The deceptively named “Fewer, Better Tests” bill, backed by Jeb Bush’s Foundation for Florida’s future, was delayed by the state Senate Education Committee March 27 amidst accusations that last-minute amendments had been “stolen” from a more popular bill. South Florida Republican Sen. Anitere Flores sponsored the Bush-backed bill, SB 926, which was filed in response to Sen. Montford’s efforts to dial back high-stakes testing in his competing bill, SB 964. Montford, a Democrat, is the former Superintendent of Schools for Leon County.
Veteran Republican and former Senate President Tom Lee blasted his colleagues for displacing Montford’s bill for partisan reasons, and scolded them for raiding aspects of Montford’s bill that had already gained bipartisan support, presenting them as last-minute amendments to Flores’s bill. Lee characterized the underhanded actions of his republican cohorts as an “abomination” of the legislative process.
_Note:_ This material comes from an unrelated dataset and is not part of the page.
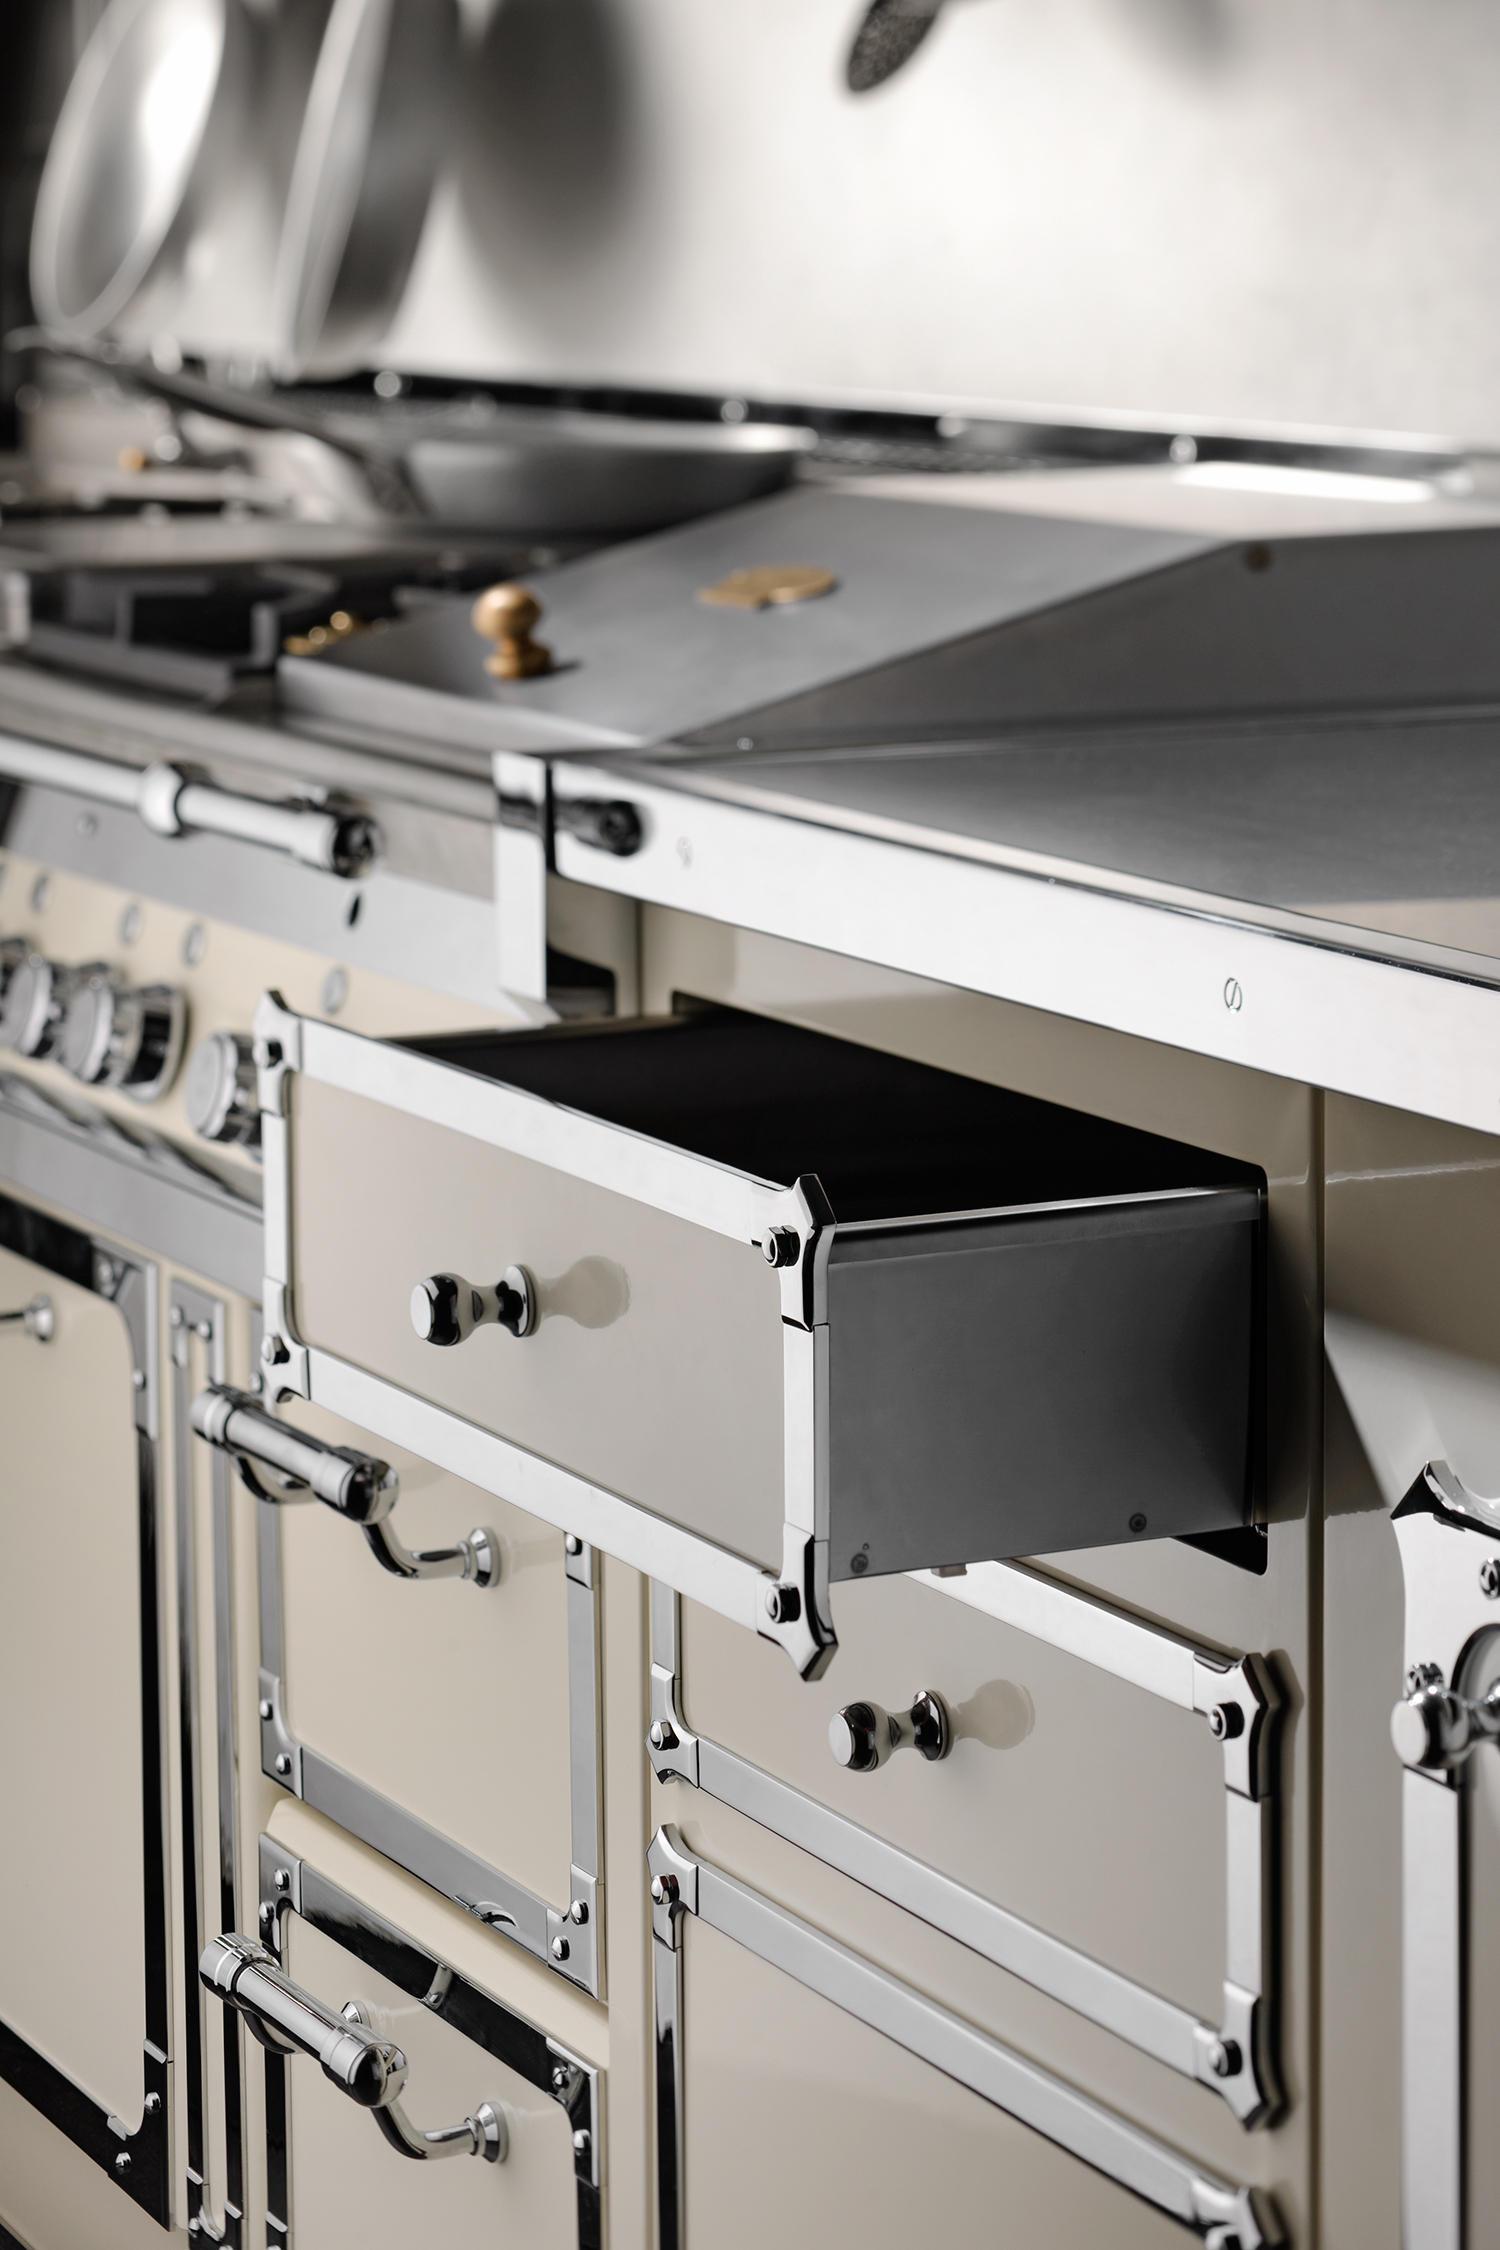 SIGNORIA PALACE KÜCHE - Einbauküchen von Officine Gullo | Architonic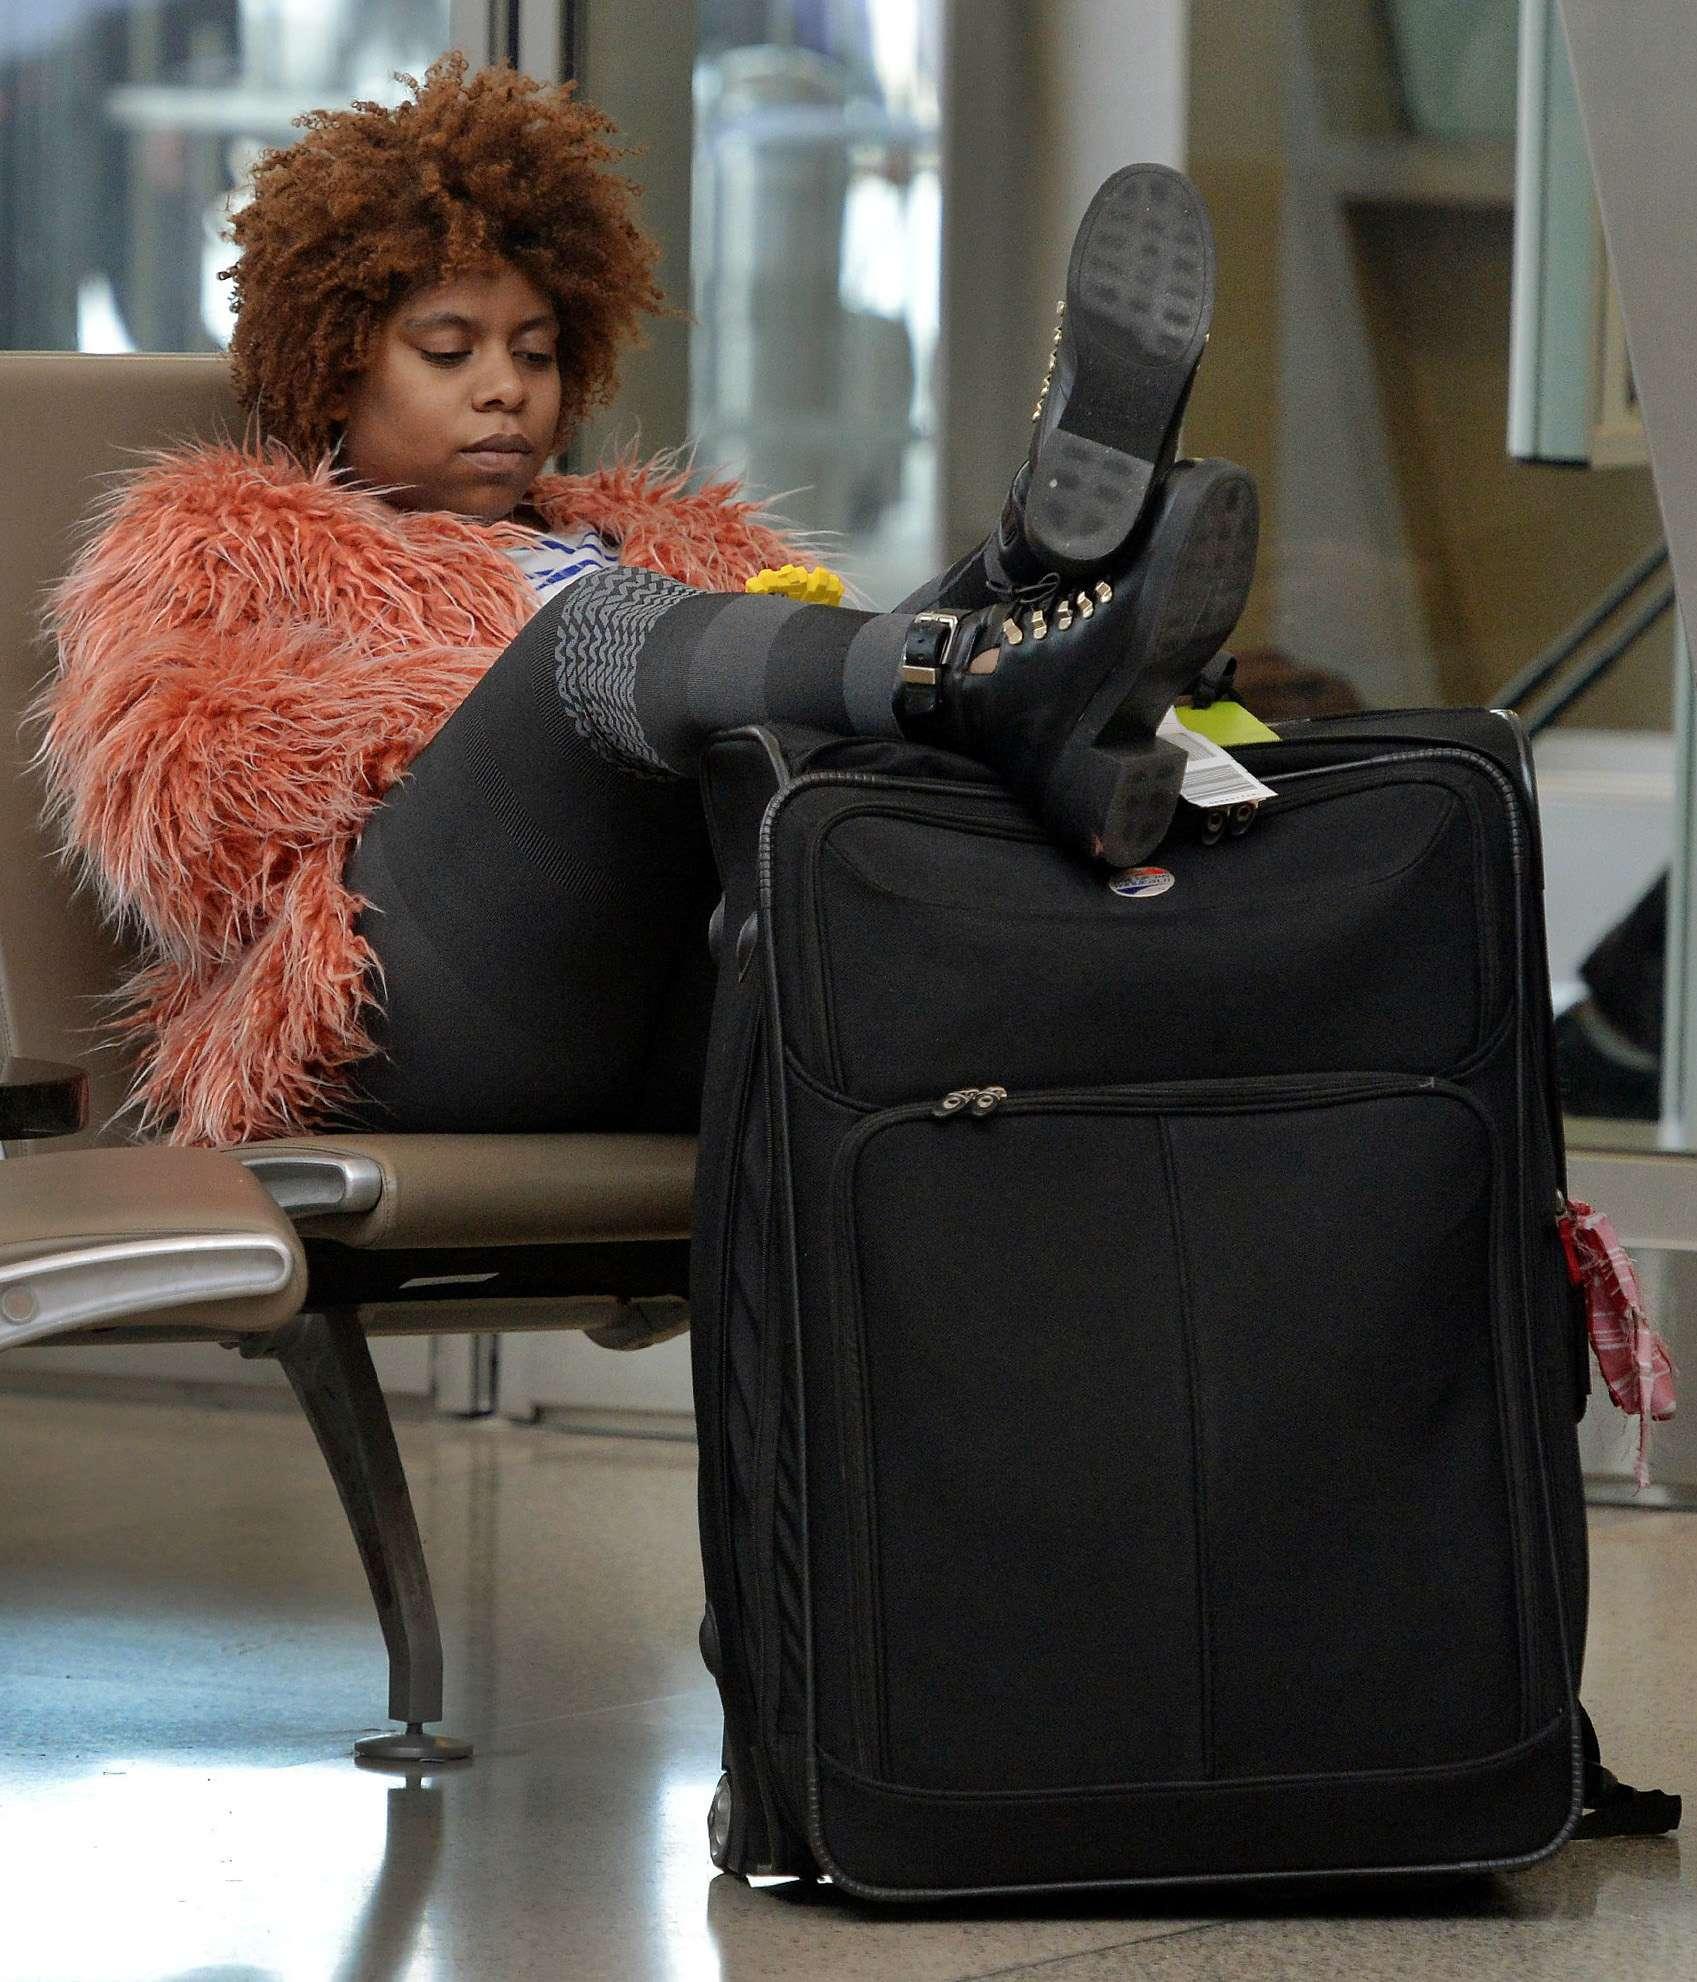 Scarlett Newman, de 24 años, espera pacientemente a que llegue el vuelo de su madre en el aeropuerto internacional de Raleigh-Durham, el 23 de diciembre de 2014, en Durham, Carolina del Norte. Foto: AP en español

Public school advocates say that despite its name, Flores’s bill, SB 926, does not reduce the number of tests, and it would ratchet up Florida’s already high-stakes testing scheme. The Bush-backed bill would tie grade-level proficiency in the Florida State Assessment (FSA) to data from another test, the National Assessment for Education Progress (NAEP).
Florida Department of Education Secretary Pam Stewart rejected the NAEP-tie-in last year. Advocates from the public education advocacy organization, Common Ground, say linking the two tests could dramatically lower passing rates, which they contend would lead to worse school grades and “plummeting property values.”
In a press release, Common Ground argues that true testing relief is to be found in former Leon County Schools Superintendent Bill Montford’s bill:
SB 964 eliminates the 9th grade FSA and all but two of the current state End of Course exams, allows districts to use the SAT or ACT in place of FSA testing, eliminates VAM (returning teacher evaluation decisions to the local level) and allows paper and pencil testing for students, providing welcome relief from the current test and punish system.
“The difference between these two bills is crystal clear,” says Kathleen Oropeza of the public school advocacy organization, Fund Education Now. “Sen. Montford’s SB 964 bravely dials back damage while Jeb’s SB 926 increases student suffering.”
HB 1249, the House companion to Montford’s bill, had gained no traction by the time the Pre-K-12 Quality Subcommittee ended its business for the session on March 27. That same subcommittee did pass a bill, however, making it easier for parents to object to textbook content at the district level, despite concerns relating to censorship.